The Wall Street Journal
The search for a unifying theory is nowhere near over.
Physicists around the world have something to celebrate this Christmas. Two groups of them, using the particle accelerator in Switzerland, have announced that they are tantalizingly close to bagging the biggest prize in physics (and a possible Nobel): the elusive Higgs particle, which the media have dubbed the "God particle." Perhaps next year, physicists will pop open the champagne bottles and proclaim they have found this particle.
Finding this missing Higgs particle, or boson, is big business. The European machine searching for it, the Large Hadron Collider, has cost many billions so far and is so huge it straddles the French-Swiss border, near Geneva. At 17 miles in circumference, the colossal structure is the largest machine of science ever built and consists of a gigantic ring in which two beams of protons are sent in opposite directions using powerful magnetic fields.
The collider's purpose is to recreate, on a tiny scale, the instant of genesis. It accelerates protons to 99.999999% the speed of light. When the two beams collide, they release a titanic energy of 14 trillion electron volts and a shower of subatomic particles shooting out in all directions. Huge detectors, the size of large apartment buildings, are needed to record the image of this particle spray.
Then supercomputers analyze these subatomic tracks by, in effect, running the video tape backwards. By reassembling the motion of this spray of particles as it emerges from a single point, computers can determine if various exotic subatomic particles were momentarily produced at the instant of the collision.
The theory behind all these particles is called the Standard Model. Billions of dollars, and a shelf full of Nobel Prizes along the way, have culminated in the Standard Model, which accurately describes the behavior of hundreds of subatomic particles. All the pieces of this jigsaw puzzle have been painstakingly created in the laboratory except the last, missing piece: the Higgs particle.
It is a crucial piece because it is responsible for explaining the various masses of the subatomic particles. It was introduced in 1964 by physicist Peter Higgs to explain the wide variation. Until then, a theory of subatomic particles had to assume that the masses of these particles are zero in order to obtain sensible mathematical results. This was a puzzling, disturbing result, since particles like the electron and proton have definite masses. Mr. Higgs showed that by introducing this new particle, one could preserve all the correct mathematical properties and still have non-zero masses for the particles.
While physicists cannot yet brag that they have found the Higgs particle, they have now narrowed down the range of possible masses, between 114 and 131 billion electron volts (over a hundred times more massive than the proton). With 95% confidence, physicists can rule out various masses for the Higgs particle outside this range.
Will finding the Higgs boson be the end of physics? Not by a long shot. The Standard Model only gives us a crude approximation of the rich diversity found in the universe. One embarrassing omission is that the Standard Model makes no mention of gravity, even though gravity holds the Earth and the sun together. In fact, the Standard Model only describes 4% of the matter and energy of the universe (the rest being mysterious dark matter and dark energy).

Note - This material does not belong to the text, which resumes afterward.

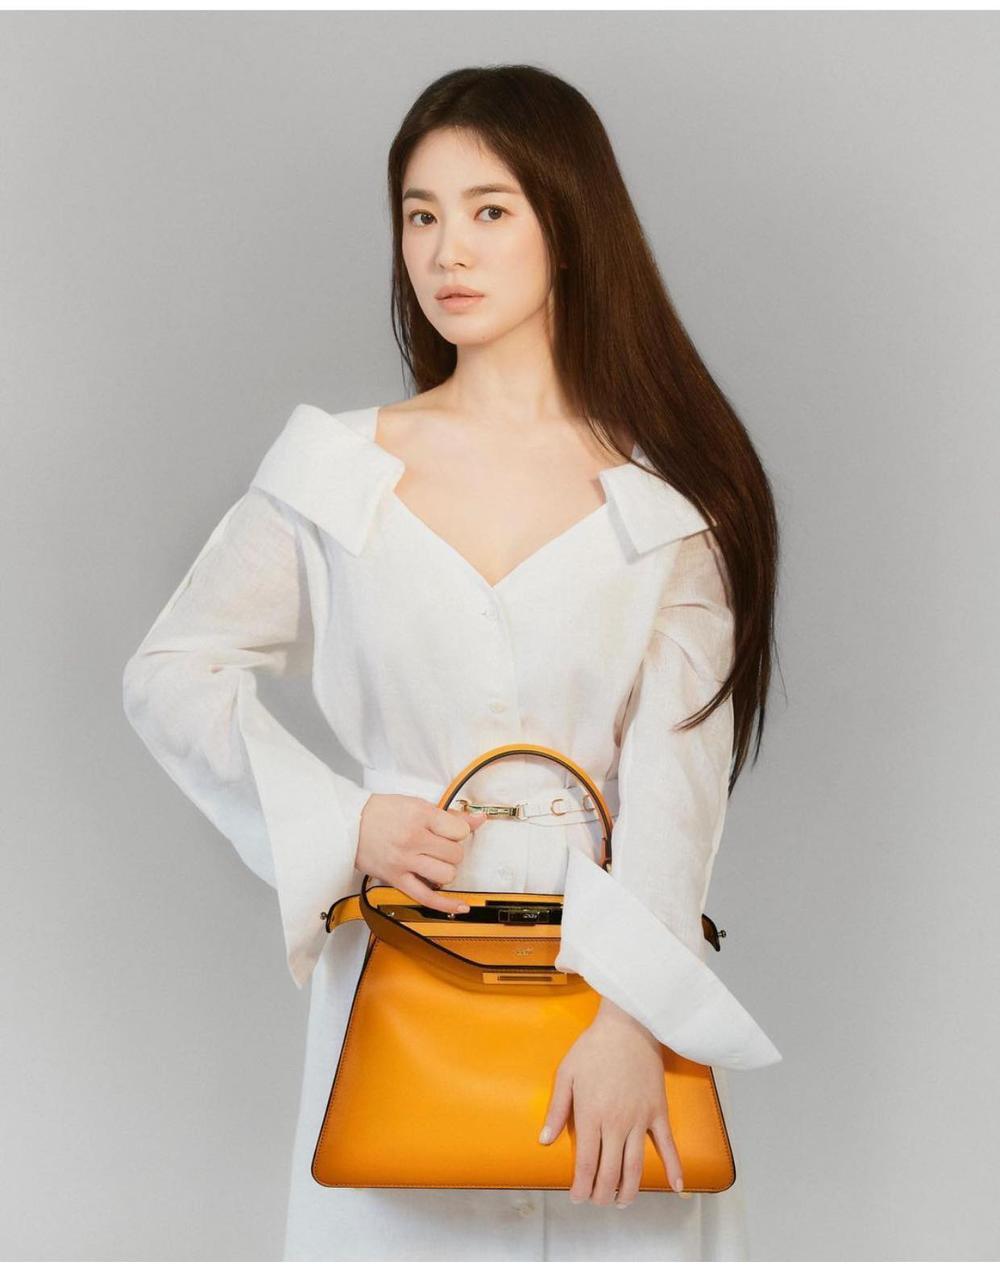 Song Hye Kyo chính thức trở thành đại sứ Fendi với loạt ảnh sang - xịn -mịn Ảnh 3

From a strictly aesthetic point of view, the Standard Model is also rather ugly. The various subatomic particles look like they have been slapped together haphazardly. It is a theory that only a mother could love, and even its creators have admitted that it is only a piece of the true, final theory.
So finding the Higgs particle is not enough. What is needed is a genuine theory of everything, which can simply and beautifully unify all the forces of the universe into a single coherent whole—a goal sought by Einstein for the last 30 years of his life.
The next step beyond the Higgs might be to produce dark matter with the Large Hadron Collider. That may prove even more elusive than the Higgs. Yet dark matter is many times more plentiful than ordinary matter and in fact prevents our Milky Way galaxy from flying apart.
So far, one of the leading candidates to explain dark matter is string theory, which claims that all the subatomic particles of the Standard Model are just vibrations of a tiny string, or rubber band. Remarkably, the huge collection of subatomic particles in the Standard Model emerge as just the first octave of the string. Dark matter would correspond roughly to the next octave of the string.
So finding the Higgs particle would be the beginning, not the end of physics. The adventure continues.
Mr. Kaku, a professor of theoretical physics at CUNY, is author of "Physics of the Future: How Science Will Shape Human Destiny and Our Daily Lives by 2100" (Doubleday, 2011).